Warto przy tej okazji zaznaczyć, że podobne starania ewakuacyjne podjęły również archiwa lwowskie. Wówczas to-w lutym 1944 r. – ewakuowano z Archiwum Państwowego do Tyńca pod Krakowem najcenniejsze archiwalia, w tym komplet ksiąg grodzkich i ziemskich przemyskich. Natychmiast po zajęciu Krakowa w styczniu 1945 r. księgi te zostały zabrane przez Rosjan i przewiezione z powrotem do Lwowa, gdzie dotąd się znajdują.

Wobec coraz bardziej rysującej się od momentu zajęcia Lwowa przez Rosjan w lecie 1944 r. perspektywy, że Lwów znajdzie się po wojnie poza granicami państwa polskiego, uwagę M. Gębarowicza zaczął wówczas zaprzątać problem dalszych losów Zakładu Narodowego im. Ossolińskich. Są przesłanki pozwalające stwierdzić, że pierwsze starania o uratowanie tych zbiorów dla Polski podjął już pod koniec 1944 r. W każdym razie bezporny jest fakt, że co najmniej od początków 1945 r. opowiadał się za przeniesieniem Zakładu ze Lwowa, jako przyszłe miejsce jego lokalizacji proponując Kraków. Stał się wówczas jednym z najgorliwszych i najbardziej aktywnych rzeczników rewindykacji całych bez wyjątku zbiorów Ossolińskich przez Polskę, a jednocześnie gorącym przeciwnikiem reprezentowanych przez stronę ukraińską planów podziału zbiorów i przekazania Polsce jedynie ich małej części jako “daru” od narodu ukraińskiego. Prof. Gębarowicz uważał Ossolineum za polską instytucję narodową. Jako dzieło całego narodu przez kilka pokoleń tworzone i utrzymywane” i za niedopuszczalne uznawał pozostawienie go w całości lub w części poza granicami Polski. Prowadzona przez niego w latach 1945-1946 działalność zmierzająca do uratowania dla polskiej kultury i nauki zbiorów Ossolińskich była rzeczywiście imponująca, zważywszy na warunki, w których przyszło mu działać, i ograniczone, coraz bardziej kurczące się możliwości.

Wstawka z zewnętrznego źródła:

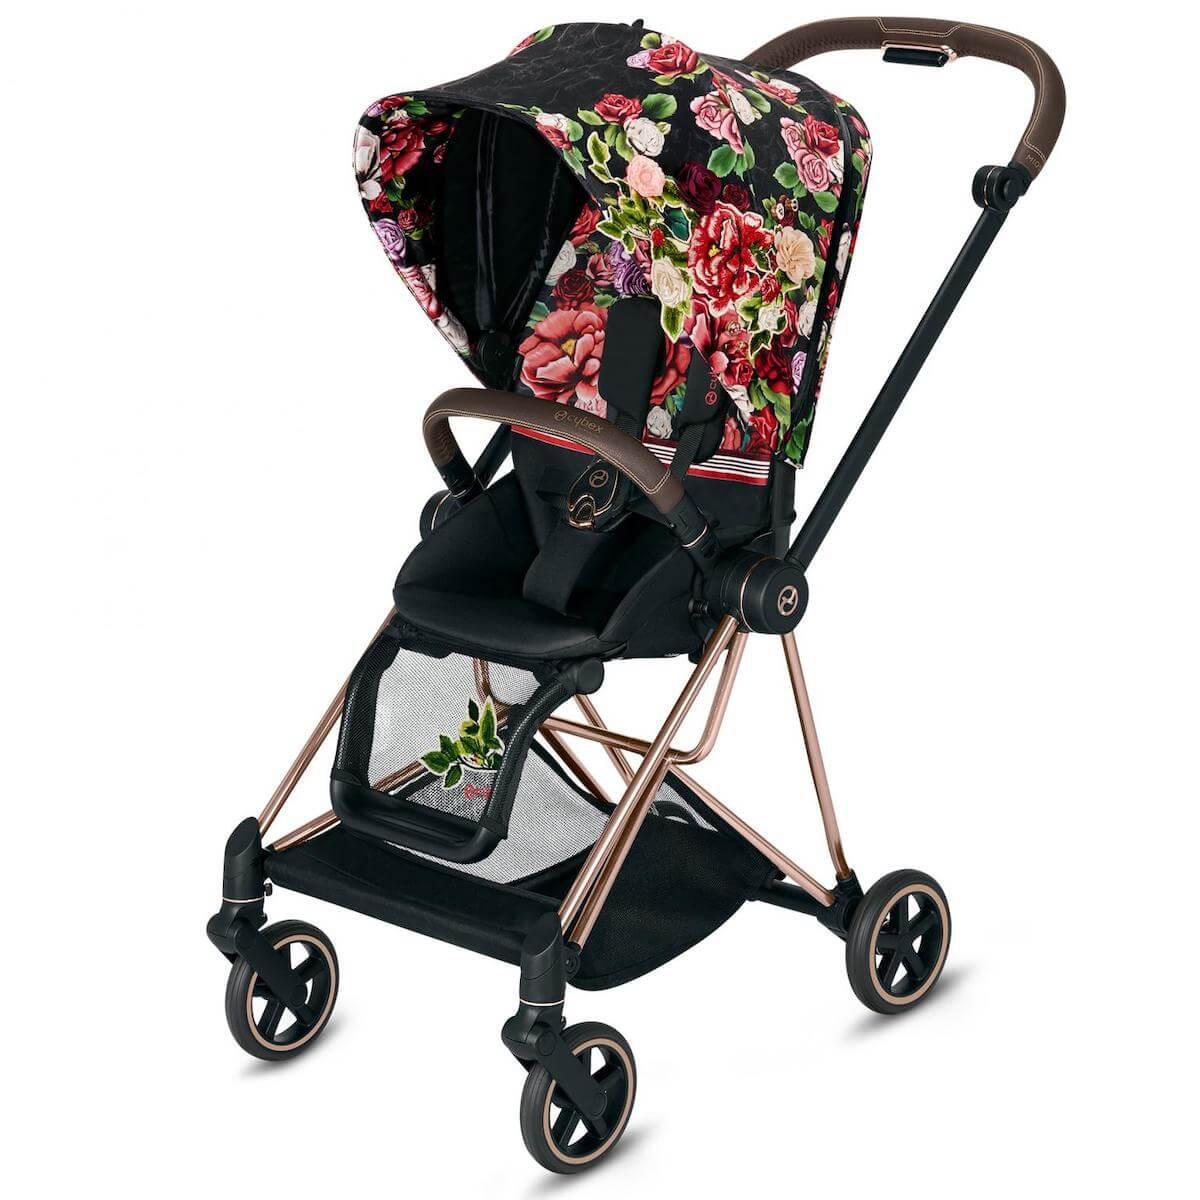 Asiento-pack silla MIOS Cybex spring blossom dark-black

Przede wszystkim ze względu na rozstrzygające się wówczas losy Ossolineum nie zdecydował się na opuszczenie Lwowa. Pozostając na miejscu miał możliwość bezpośredniego czuwania nad sprawami instytucji, obserwowania poczynań władz ukraińskich, a także podejmowania konkretnych prób ratowania zbiorów.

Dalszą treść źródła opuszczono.